══ Available records ══

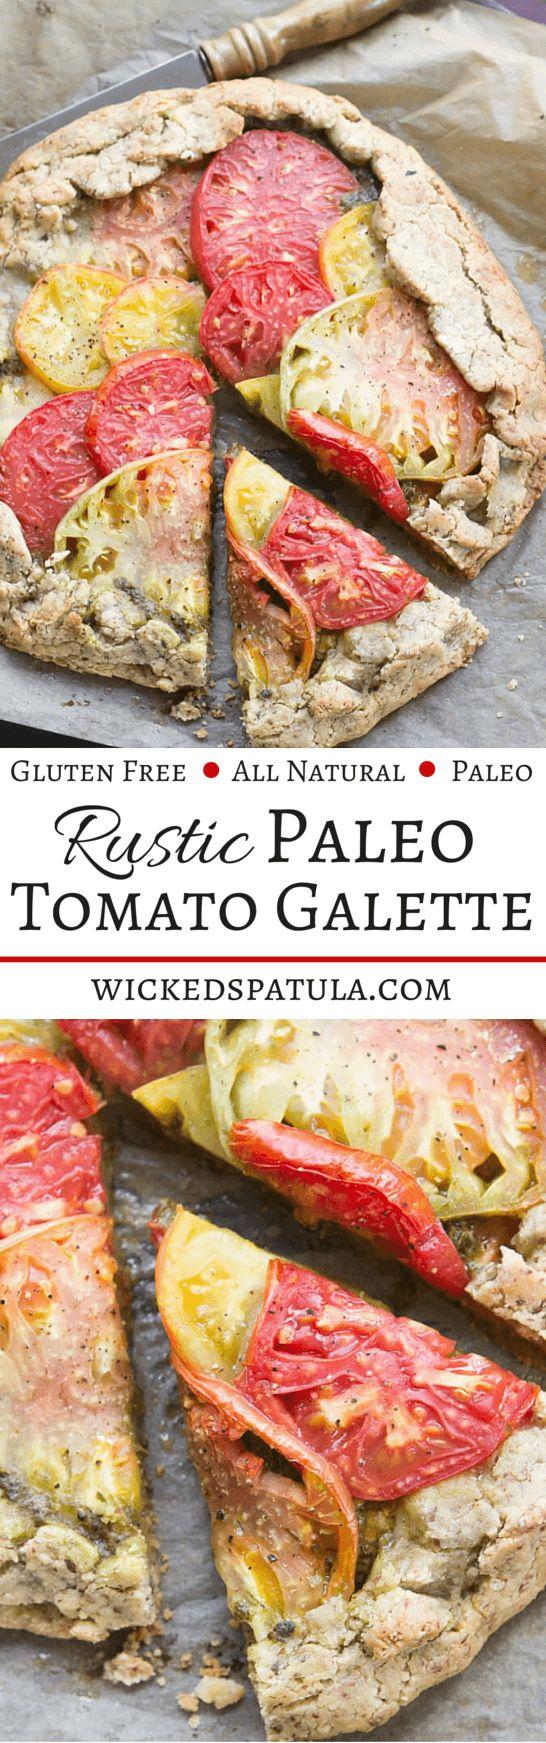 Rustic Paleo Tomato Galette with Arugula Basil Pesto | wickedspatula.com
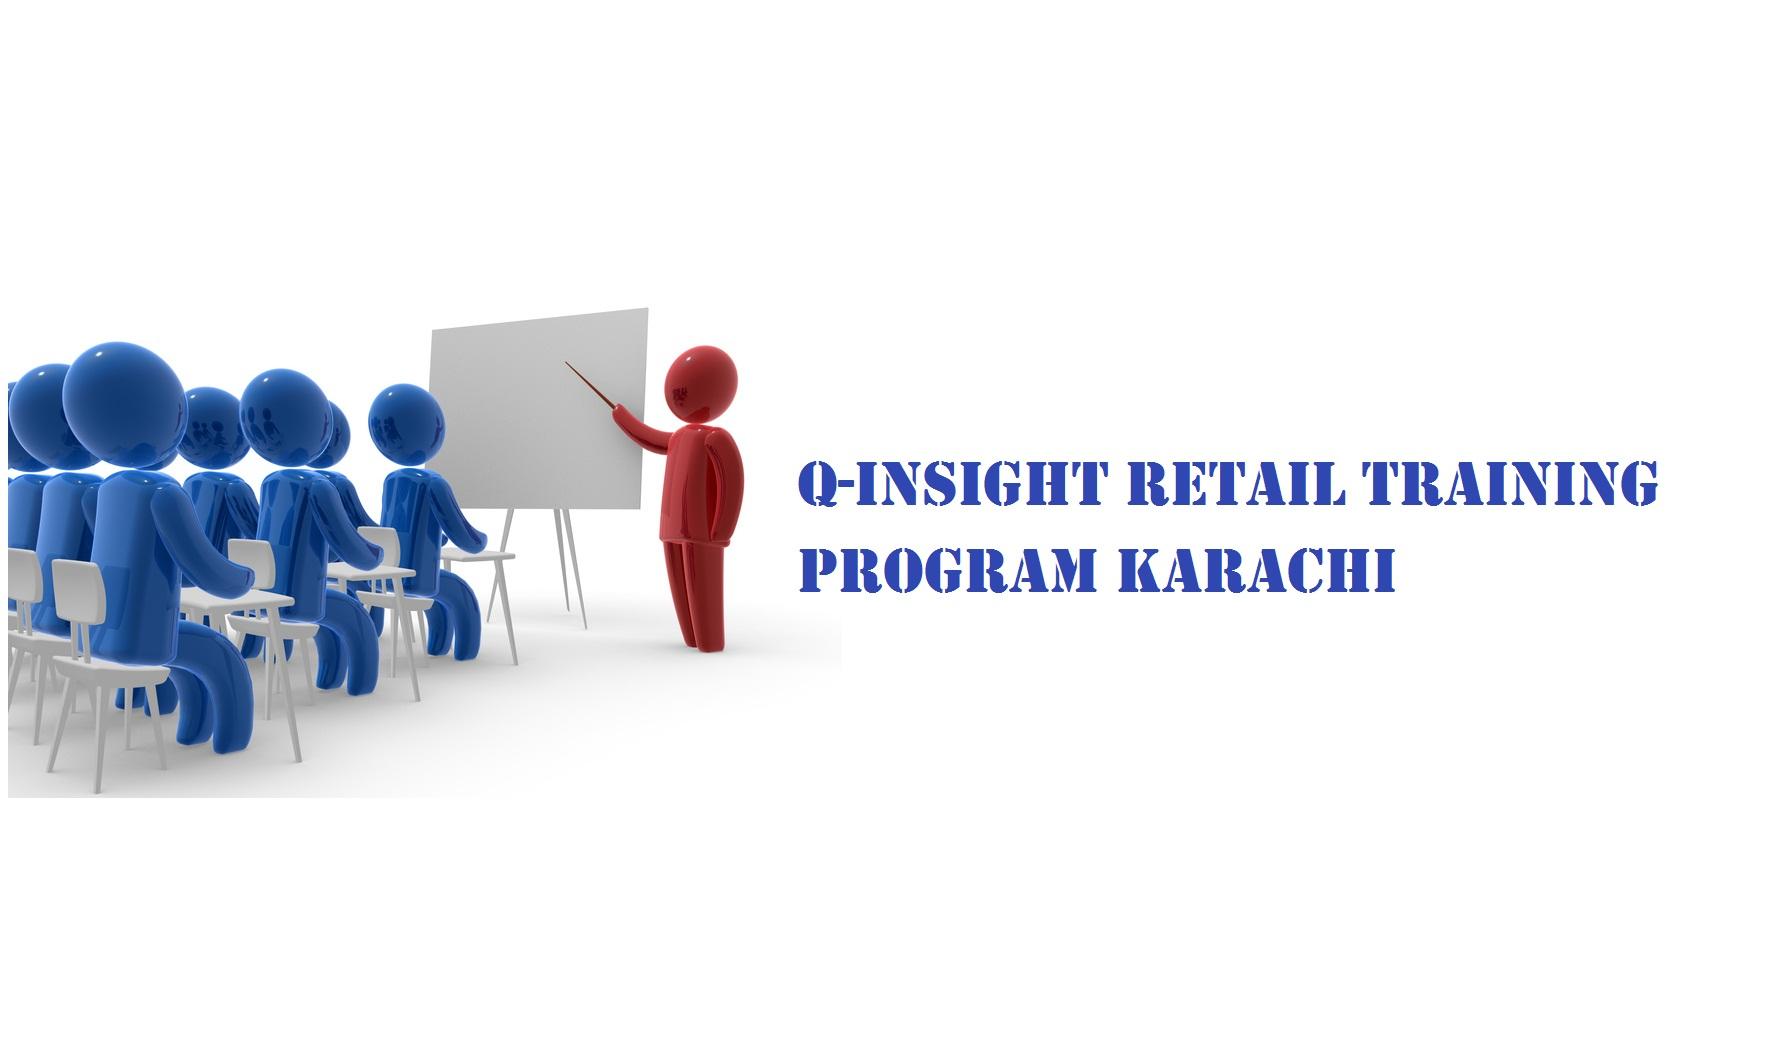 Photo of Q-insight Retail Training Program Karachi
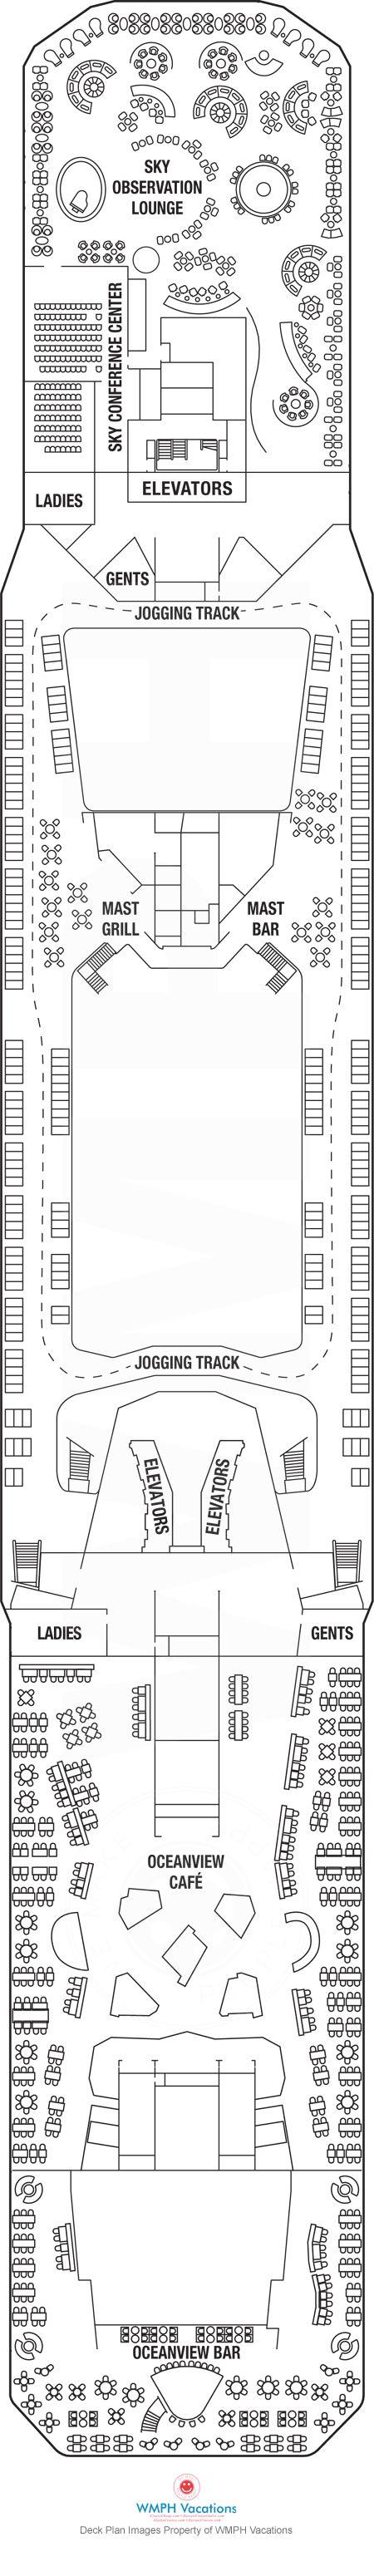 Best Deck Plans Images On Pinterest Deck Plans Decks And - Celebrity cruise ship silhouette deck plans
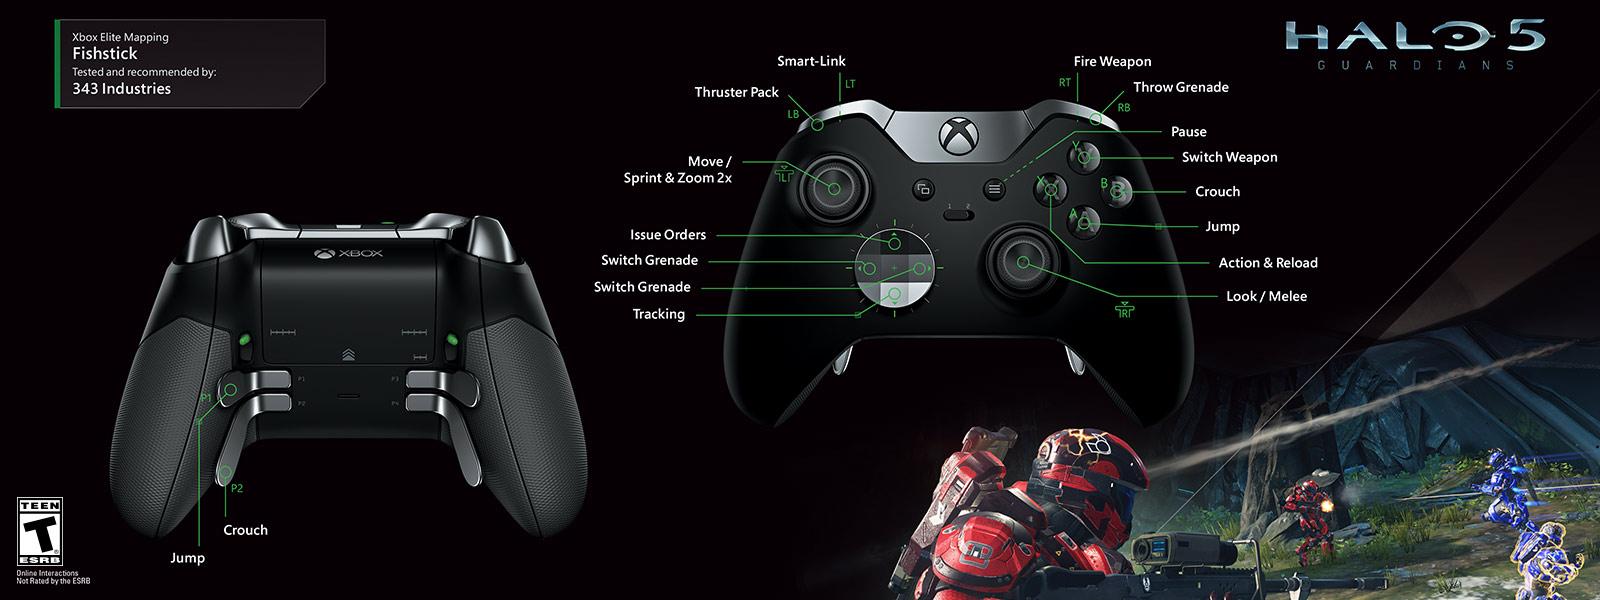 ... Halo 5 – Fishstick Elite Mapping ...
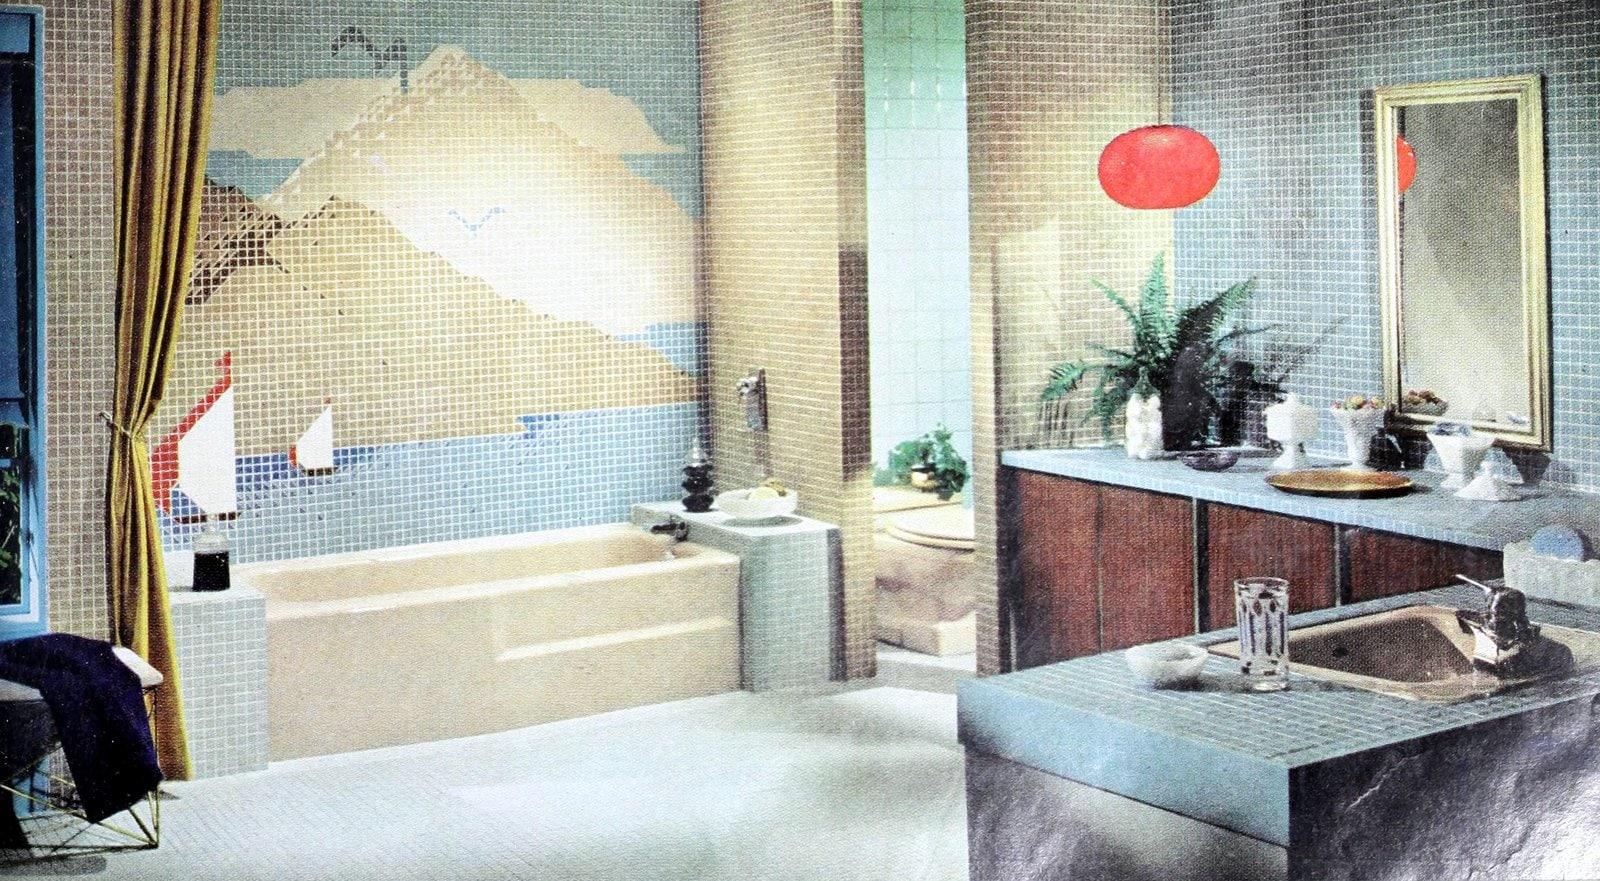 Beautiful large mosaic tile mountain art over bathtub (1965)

═══

Required work » Repeat, exactly and in full, each line from the start of the data to the line that contains "Elite Mapping ...". Pictures do not go in.

Output of the exercise »
 Rustic Paleo Tomato Galette with Arugula Basil Pesto | wickedspatula.com
 Photo of Q-insight Retail Training Program Karachi
 Best Deck Plans Images On Pinterest Deck Plans Decks And - Celebrity cruise ship silhouette deck plans
 ... Halo 5 – Fishstick Elite Mapping ...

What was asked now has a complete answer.